Management Functions

Management plays a vital role in any business or organized activity. Management is composed of a team of managers who have charge of the organization at all levels. Their duties include making sure company objectives are met and seeing that the business operates efficiently. Regardless of the specific job, most managers perform four basic functions. These management functions are planning, organizing, directing and controlling.

Planning involves determining overall company objectives and deciding how these goals can best be achieved.

Organizing is the process of putting the plan into action. This involves allocating resources, especially human resources, so that the overall objectives can be attained. Staffing, choosing the right person for the right job, may also be included as part of the organizing function.

Third is the day-to day direction and supervision of employees. In directing, managers guide, teach, and motivate workers so that they reach their potential abilities and at the same time achieve the company goals that were established in the planning process. Effective direction, or supervision, by managers requires ongoing communication with employees.

In the last management function, controlling, managers evaluate how well company objectives are being met. If major problems exist and goals are not being achieved, then changes need to be made in the company’s organizational or managerial structure. In making changes, managers might have to go back and replan, reorganize and redirect.

Managerial job in organizations fall into three categories: top management, middle and first-line management.

Top management usually consists of the organization’s most important manager– the chief executive officer or president– and his and her immediate subordinates.
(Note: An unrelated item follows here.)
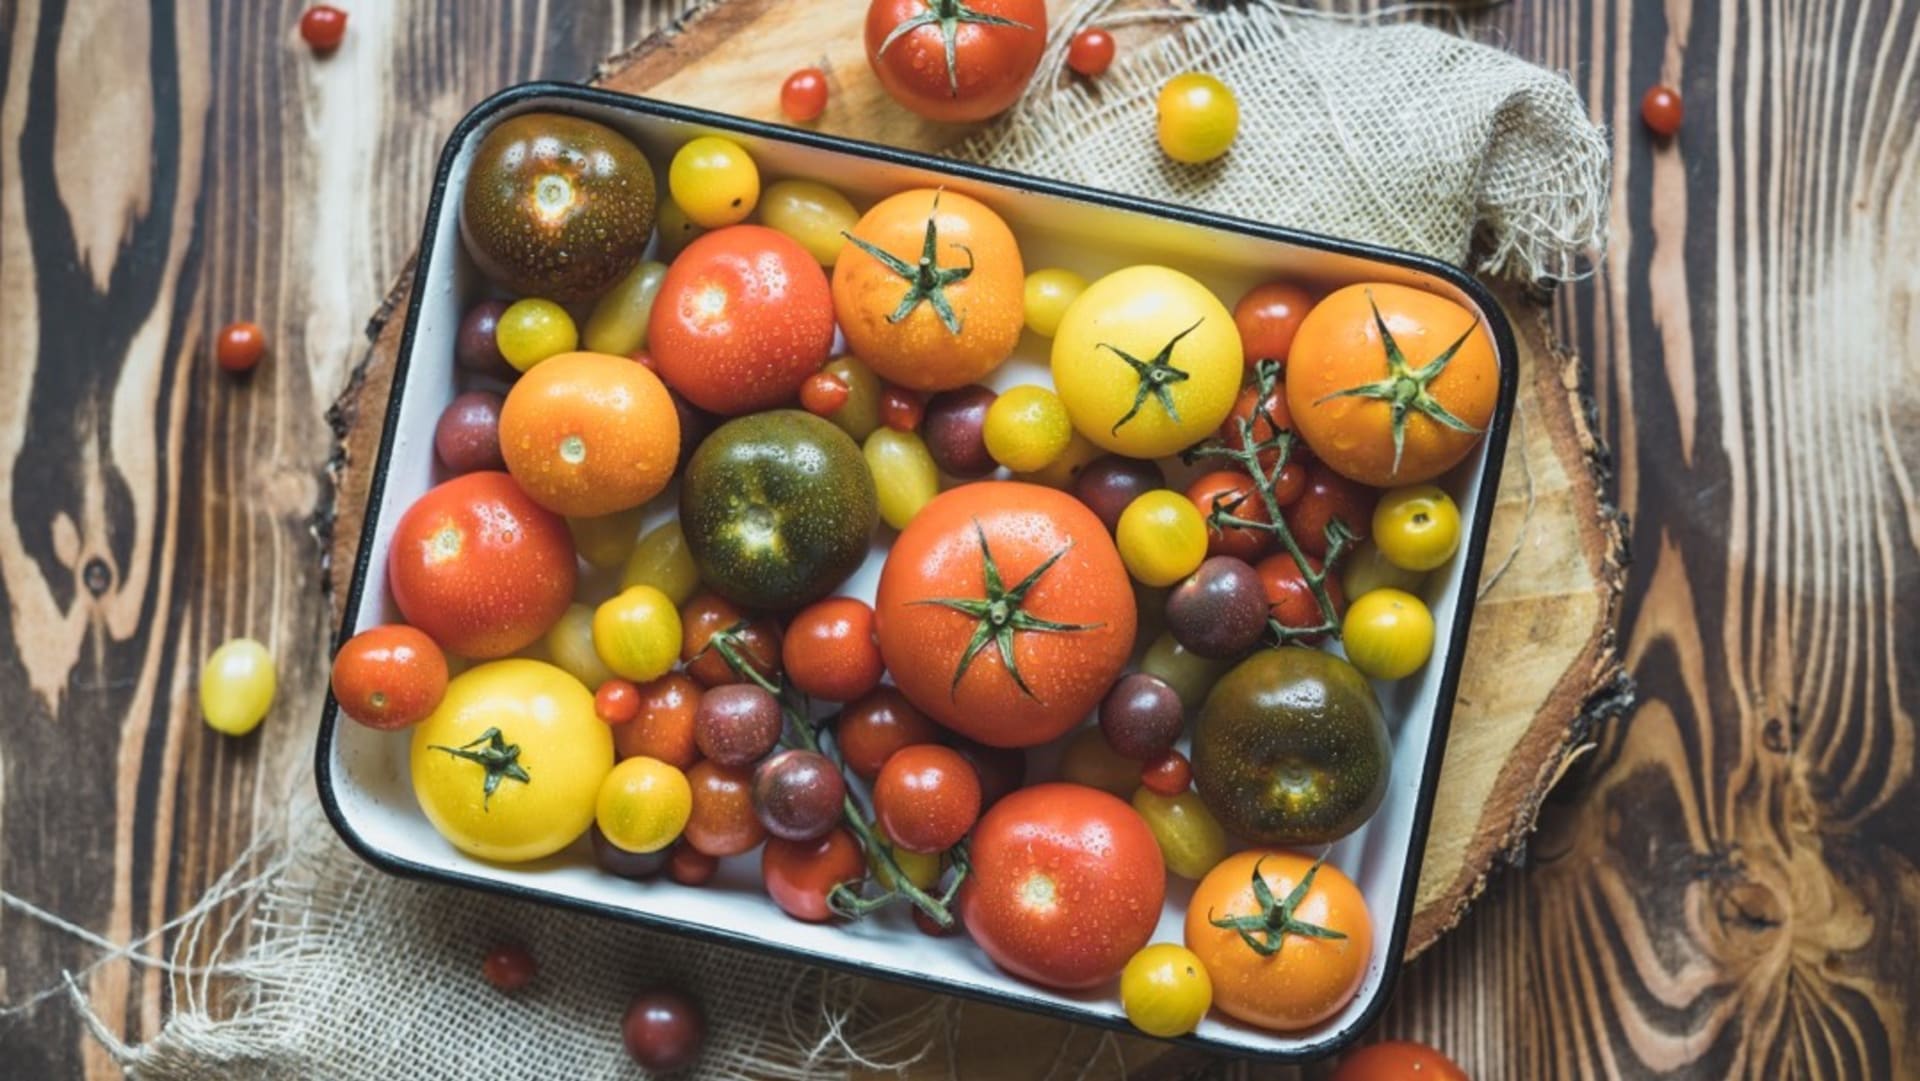 Šťavnatá a voňavá rajčata: Čechy milovaná zelenina

Top management is responsible for the overall management of the organization. It establishes organizational or companywide objectives or goals and operating policies; and it directs the company in relationships with its environment.

The planning function for top-level management consists of developing the major purpose of the organization, the global objectives for organizational accomplishment, and the major policy statements for implementation by middle and first-line managers.

Organizing at this level is viewed as developing the overall structure of the organization to support the accomplishment of the plans and then acquiring the resources for the company.

The staffing function at the top level is concerned with policy development in the areas of equal employment opportunity and employee development. In addition, top management is concerned with acquiring talent to fill upper-management positions.

The emphasis in directing is on companywide management philosophy and on cultivating an organizational climate for the best employee performance.

The controlling function at this level emphasizes overall company performance relative to company objectives.

Middle managers are all managers below the rank of vice-president but above the supervisory level. These middle managers may be titled regional managers or group managers.

Regardless of the title, the major point is that their subordinates are other managers. They are responsible for implementing top management policies.

Middle level management’s primary job is to develop implementation strategies for the broad concepts developed by top management. Middle managers focus on how to do it with new products or new customers or new territories.

Organizing at the middle level is the making of specific adjustments in the organization structure and the allocation of the resources acquired by top management.

Staffing focuses on the policy implementation in the areas of equal employment opportunity and employee development programs.

Directing is viewed as providing leadership and support for lower level management.

Controlling is concerned with monitoring the results of plans for specific products, regions, and sub-units and making the indicated adjustment to achieve organizational objectives.

First line managers or supervisors, those at the operating level, are the lowest level of management. Their subordinates are non-management workers– the group on which management depends for the execution of their plans.

First line management is concerned with only its immediate responsibilities. For the first-line manager, planning involves scheduling employees, deciding what work will be done first, and developing procedures to achieve the goals.

Organizing may consist of delegating authority or deciding that work done by one group of people should be done by another team.

Staffing at this level consists of requesting a new employee, hiring that employee, and then training the person to perform the job.

Directing includes communicating and providing leadership both to the work group and to all employees individually.

Controlling focuses on having the manager’s work group meet its production, sales, or quality objectives.

So, managers at every level perform the same functions. They differ in the time spent on each function and depth of their involvement with each function.